Sixth grader Frances Bishop is prone to worry. She wonders how thoughts can be compartmentalized or put into a box when “worry is like water. It leaks” (41). Furthermore, “no one chooses to worry. Worry just is” (99), and it causes Franny to get herself into a tangle.

Because her mother is a former drug addict, Franny has had to be the responsible one, making worry a constant for her. As an escape, Franny has math where the problems have clear steps and a solution. Math is her happy place. Franny also has an ally in her mother’s Alcoholics and Narcotics Anonymous sponsor, Mimi, who tells her, “Let tomorrow worry about itself, my girl” (99).

When her mother is in a car accident, Franny worries how the bills will get paid and whether her recovering mother will return to an addiction to pain medication.  Amidst juggling her mother’s cleaning jobs and trying to stay afloat in her social circle, Franny navigates the taunting of Sloan Tate and the attention of Noah, an origami artist who has two moms, works at Sonic, and makes intricate paper animals. Hoping the challenge will distract her and help her forget Sloan, the pills in the kitchen drawer, the half-empty “Bills Jar,” and Noah’s efforts to cheer her up, Franny asks her math teacher for extra credit.

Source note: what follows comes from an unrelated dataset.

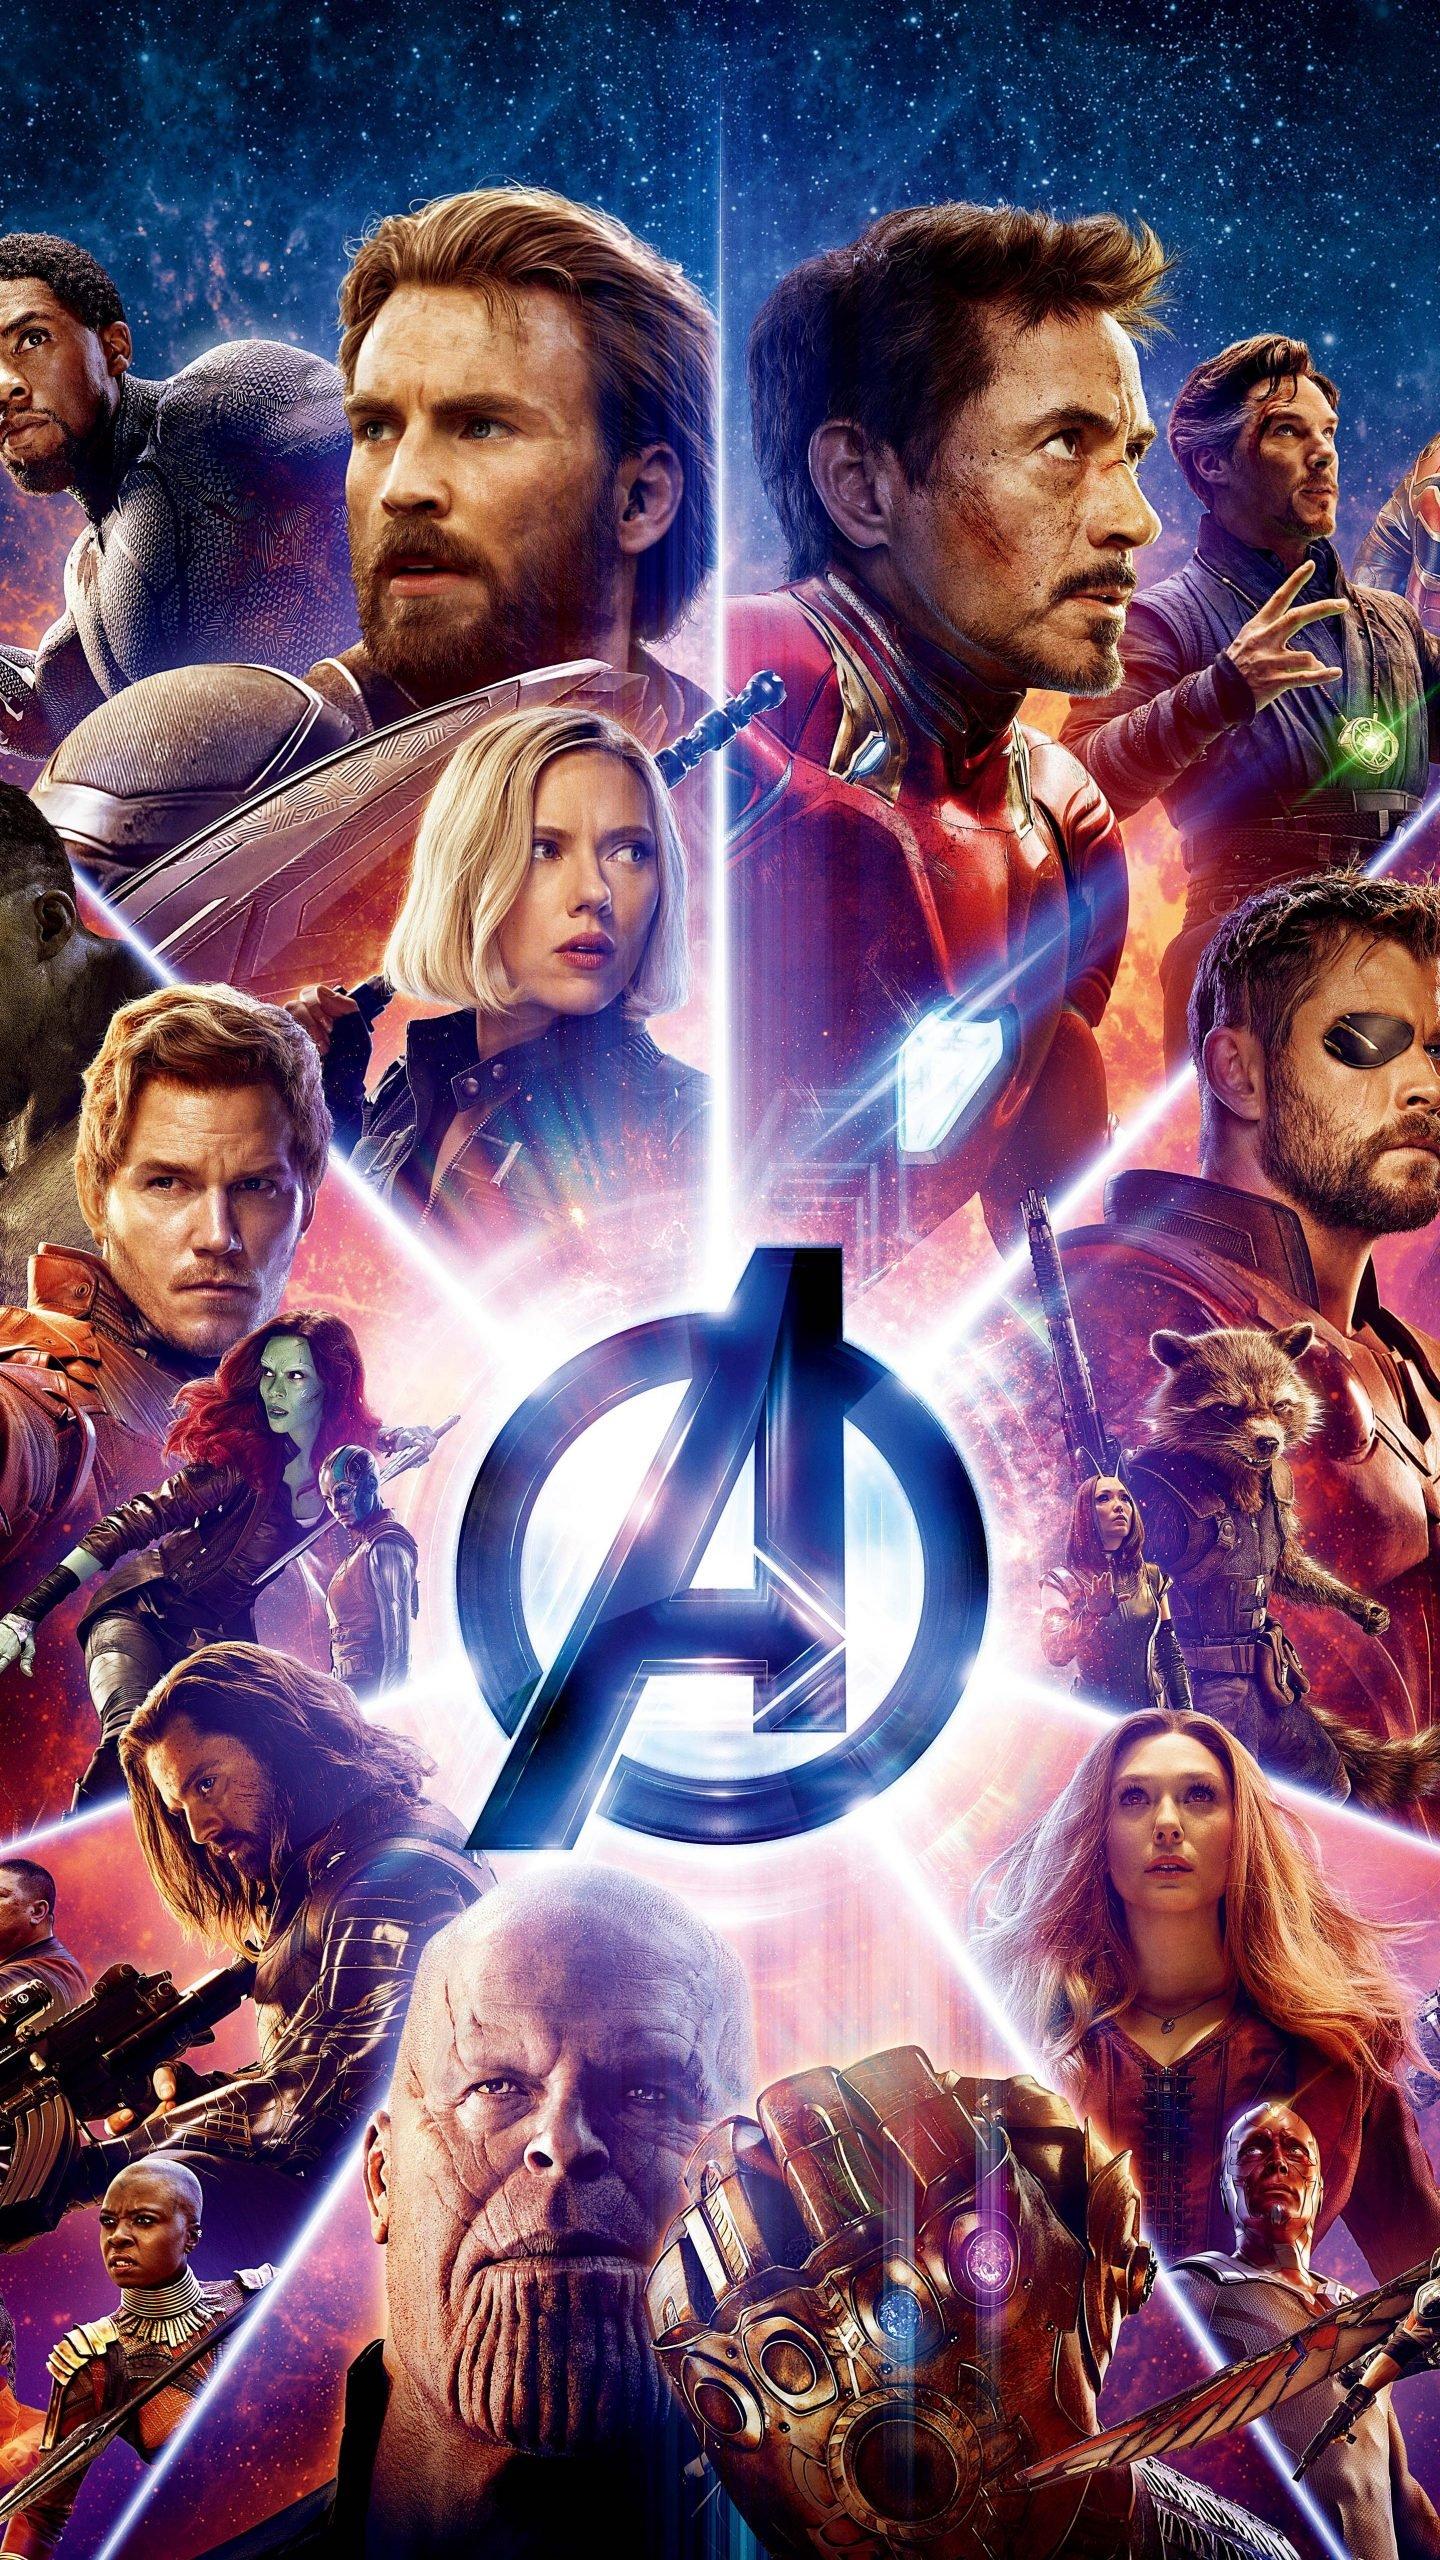 Iphone Xs Max Avengers Wallpaper : iphone, avengers, wallpaper, Iphone, Avengers, Backgrounds, 1440x2560, Download, Wallpaper, WallpaperTip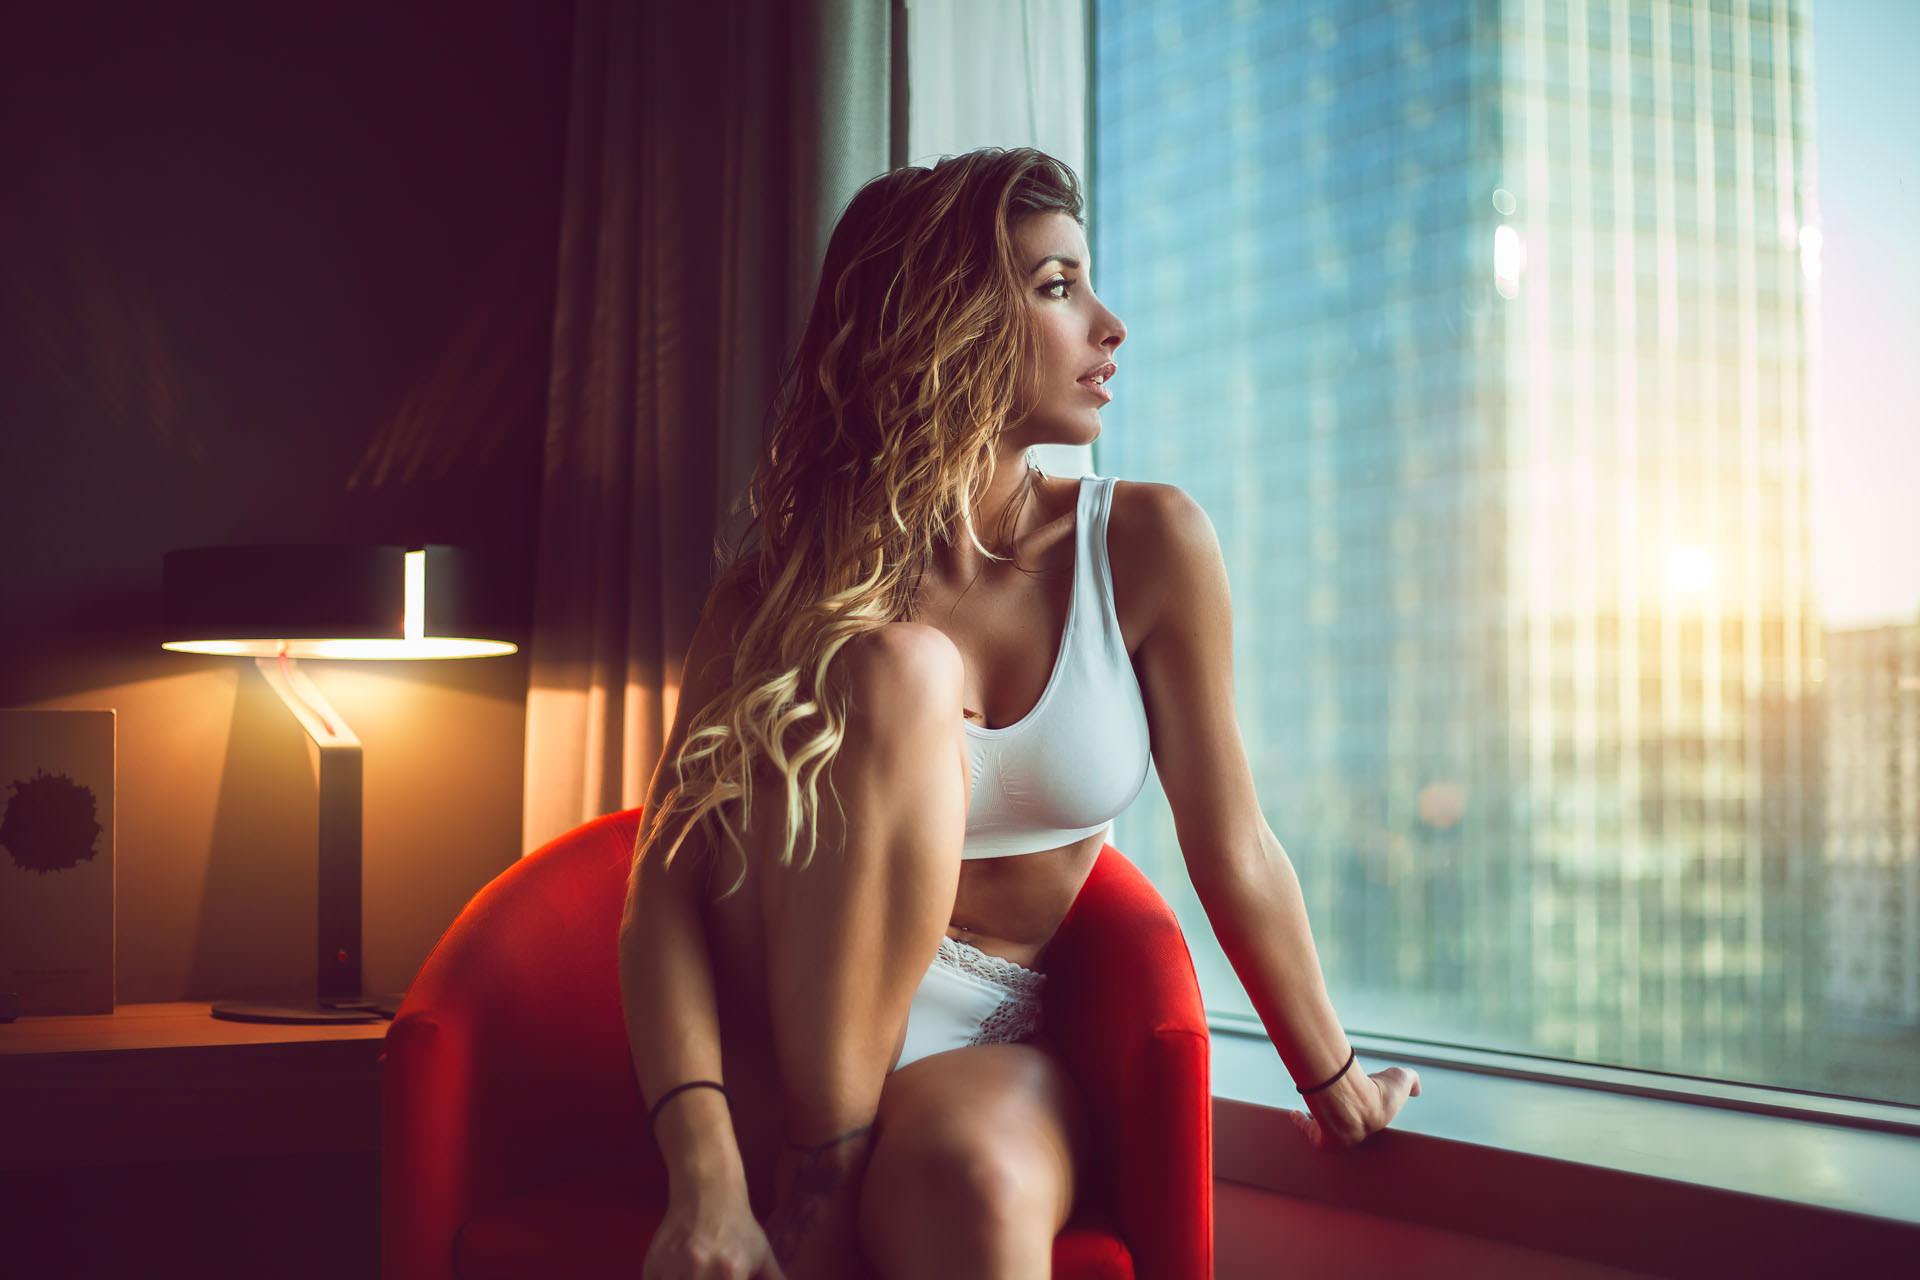 2017-01-20 - Melyna - Hotel Melia - 1126 - 1920px

Wanting answers, Franny is “tired of slogans that don’t mean anything when you hold them up to the light” (99). Eventually, she learns not only to give people grace, even when they appear undeserving, but to give them multiple second chances. Another key lesson comes from the words of poet Lord Byron: “The heart will break, but the broken live on.”

Although Maid for It by Jamie Sumner is a poignant story about a child dealing with a parent’s addiction, it is also about the effects of blackmail, secret-keeping, and finding safety, hope, and the ability to survive.